Every security scan ends the same way: a wall of findings — often hundreds, many of them "Critical" — and no reliable way to know which ones actually matter. So teams either fix everything (slow) or triage by CVSS score (misses the point).

GitLab already ships reachability analysis, but it stops at the package boundary: it tells you a vulnerable dependency is imported, and when a direct dependency is marked "in use," every transitive dependency under it inherits that label. You never see the actual call path.

But the one signal that separates exploitable from theoretical — the path from a public entry point to the vulnerable function — is exactly what a code graph can compute and a scanner cannot. When GitLab Orbit (the Knowledge Graph) put a real call graph one query away, the missing piece was there. PathGuard fills the gap: not package-level, but function-level, path-level reachability.

What it does

For every security finding on a merge request, PathGuard:

  1. Locates the vulnerable function inside GitLab Orbit's call graph.
  2. Walks the CALLS edges backward from that sink to see whether any public entry point — an HTTP route, an API handler, a CLI command — can actually reach it.
  3. Emits the exact entry-point → … → sink path when one exists, ranked by exploitability.
  4. Posts a single, ranked note on the merge request — a wall of hundreds re-ranked down to the handful that are genuinely reachable from outside, each with its path and owner.

In the bundled demo, a scanner reports four findings — two of them Critical. PathGuard shows that only one is actually reachable from the internet (a SQL injection via GET /users/<id> → get_user → build_user_query → execute_raw_sql). The other Critical — a command injection — sits in dead code and is filtered out. Severity alone would tell you to fix both; reachability tells you which one can actually hurt someone today.

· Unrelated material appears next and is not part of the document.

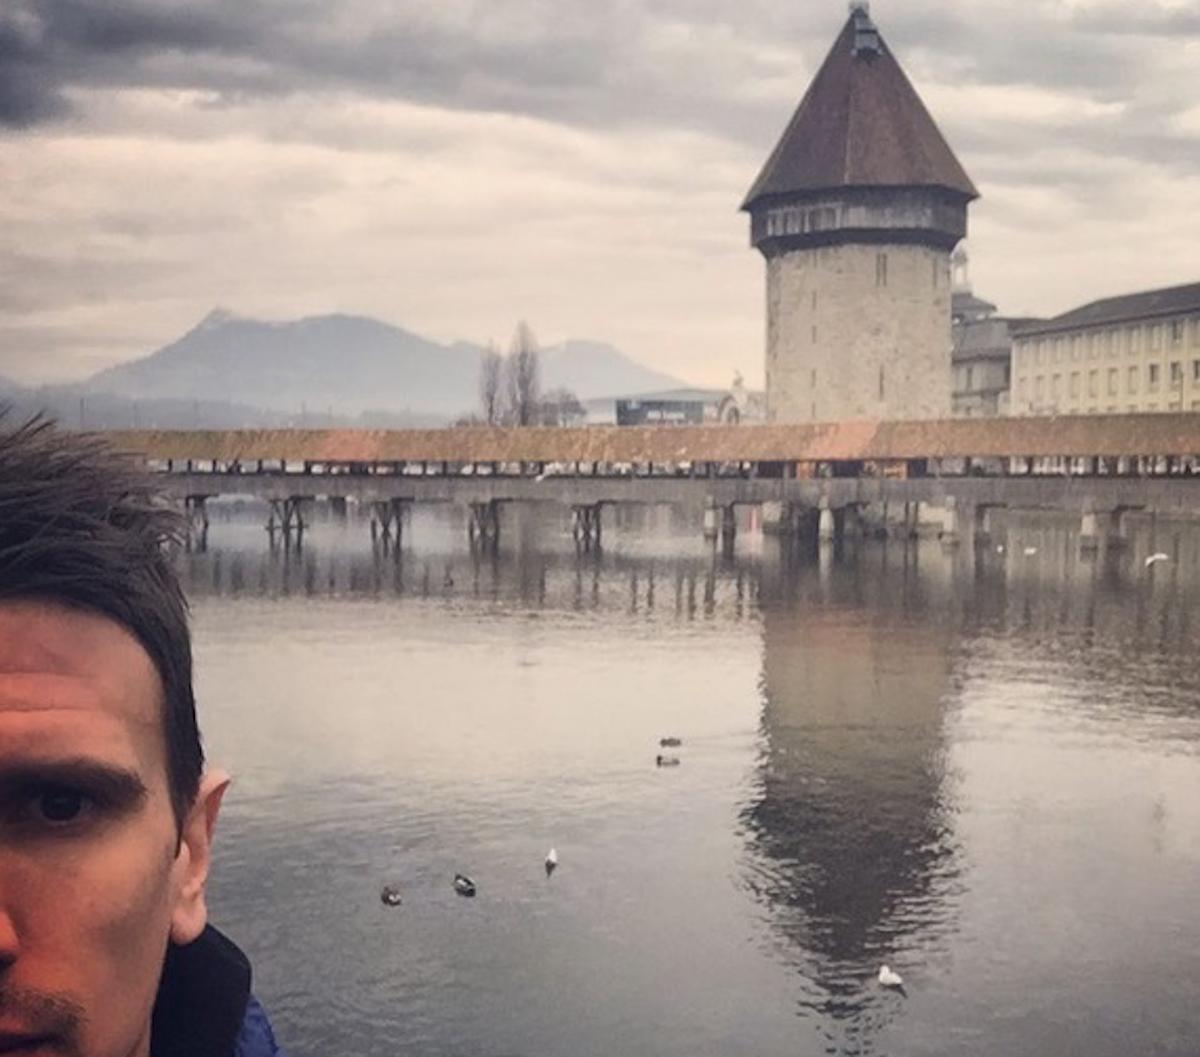 Heimweh-Luzerner und gerne am See: der Profihandballer als Tourist auf Instagram.

It ships two ways: a CLI (pathguard demo / pathguard triage) and a published GitLab AI Catalog flow + skill any team can enable to run on every merge request.

How we built it

  • A dependency-free Python engine (standard library only): a normalized code-graph model, the entry-point model, a backward breadth-first reachability search, a GitLab SAST/SBOM findings loader, exploitability ranking, a Markdown report renderer, and an MR poster.
  • GraphSource adapters behind one interface — Orbit Local (DuckDB), Orbit Remote, and a JSON fixture — so the engine never depends on a backend and the demo runs with zero setup.
  • An entry-point model, because Orbit has Definition nodes and CALLS edges but does not label routes/handlers/CLI commands. PathGuard supplies that (Flask, FastAPI, Spring, NestJS, Django REST, and conventional routes/controllers/views/urls modules).
  • A GitLab Duo flow and a skill published to the AI Catalog, plus a CI job that runs the triage on merge requests.
  • Verified end-to-end against real Orbit Local 0.78.0: index a repository, read the live DuckDB graph, and reproduce the exact result — packaged as a one-command script.
  • 56 tests (including a real DuckDB round-trip), ruff-clean, with CI.

Challenges we ran into

  • The platform's docs were thin in two specific places — the exact Orbit Local DuckDB schema and the Duo custom-flow YAML schema. I isolated each behind a single module so every gap was a one-file fix, never a redesign.
  • Orbit stores structure, not source text. My first decorator-detection approach read source from the graph — which doesn't exist on a real index. I fixed it by reading the indexed files from disk (the repo path comes from Orbit's manifest) and adding a file-stem heuristic so routes.py / views.py handlers are caught even without decorators.
  • The real schema differed from my first guesses (file_path, not primary_file_path; relationship_kind, not type). Indexing the demo app with real Orbit 0.78.0 and reading the live schema turned guesses into facts.
  • Publishing to the AI Catalog surfaced undocumented requirementsprompt_template must be a system/user dictionary and the flow block needs entry_point — which I resolved iteratively against the validator until it shipped as v1.0.0.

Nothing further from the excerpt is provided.